APPENDIX 19
Memorandum submitted by Paul Eadie
DIFFICULTIES AND
OPPORTUNITIES
Without question there are many opportunities
for the UK to expand its trade with Brazil.
Exports at £840 million in 2005 (up from
£792 million in 2004) are still way below the levels they
should be, cf UK exports to Brazil in 1997 of over £1 billion.
Against that it has to be recognised that Brazil
having pursued rigorous import substitution from 1964 to 1991
still makes importing into Brazil difficult. There are still import
tariffs, requirements for certificates some of which are difficult
to define, lengthy Product Registration procedures. Difficulties
with Customs and for Foreign Companies wishing to exhibit at Brazilian
Exhibitions awkward Temporary Import regulations and paperwork
and bureaucracy issues.
In addition, Brazilian companies will try to
encourage local production. Examples are the Car Industry, Embraer
(Aircraft), Petrobras (oil and Gas) as well as the tariff reduction
incentives open to foreign Investors. Of course, Brazil is a huge
country and there are definite advantages in producing locally
in order to be able to access the vast potential that exists.
You can see examples of the imperative to nationalise imported
products when you visit the likes of Fiat, Embraer and Petrobras.
Not for nothing does Brazil run a Trade Surplus of US$40 billion.
It should be added that Brazil ought to be looked
at as an alternative to China and India for sourcing products
,Brazil is politically closer to the UK than China or India.
For UK Investors in Brazil there are bureaucratic
difficulties such as work Permits and registration on Siscomex,
the computerised Customs system to facilitate imports which add
value to local production. This can often take six months. Again
I have an example of this in the oil and Gas sector.
Of course if Brazil can obtain better access
to EU markets for its Agricultural Produce then a corresponding
easing of import restrictions is likely to follow.
Language is another obstacle and this is not
made easier by the Brazilians' belief that more of them now speak
English, officially the second language in Brazil. There is no
doubt that more, particularly the young generation, speak English
but at Middle and technical Management levels there are still
many whose knowledge is weak or non-existent. I can give examples
of non-response to follow up correspondence from Brazil which
baffles UK Companies. I am dealing with one such at present where
after one year of non-response my intervention in sending an email
in Brazilian Portuguese has set up a meeting.

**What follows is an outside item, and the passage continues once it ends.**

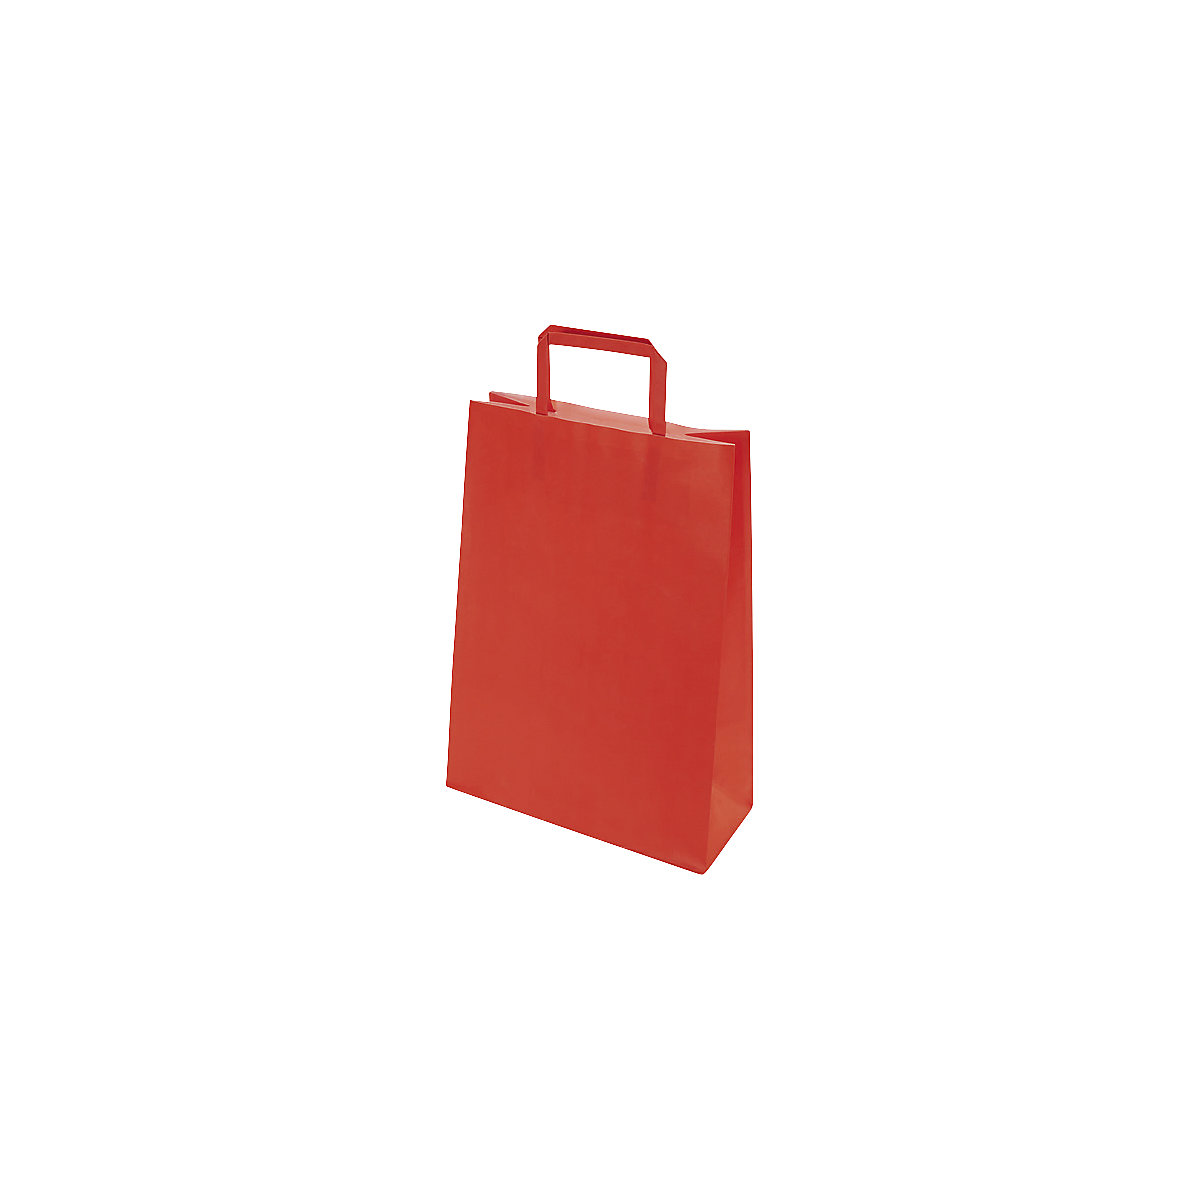 Papiertragetasche BASIC, Außen-LxB 320 x 100 mm, VE 250 Stk, rot, 100 g/m², ab 10 VE

I am dealing with another NW company who met
a potential Brazilian Partner in Liverpool last month and wants
to join the UKTI supported Go Brazil Mission in March 2007. He
had emailed Brazil four times to get a response as to whether
the dates suited and got no response.
Brazil suffers from ignorance or mistaken perceptions
and Posts can identify Opportunities which then require professional
presentation in the UK. Resource is obviously a problem. It is
perhaps interesting to note that in 1996 we ran a campaign Link
into Latin America and as stated above exports to Brazil in
1997 exceeded £1 billion and were greater than our exports
to China.
In IT several companies are successful in selling
specialised software. Hardware is more difficult and the local
Brazilian Trade associations are successful in lobbying against
imports. This is often the role of Trade associations in Brazil
so part of the solution must be to encourage more co-operation
between UK and Brazilian Trade associations. There are examples
of this in the Engineering sector.
Most of the large UK Financial service sector
companies are already present in Brazil. Brazil decries our lack
of participation in their Privatisations but this is possibly
because Brazil understands Privatisation differently from the
UK who are world Leaders. PPP is also of Great Interest to Brazil
and visits from the Lord Mayor of London can only assist in this.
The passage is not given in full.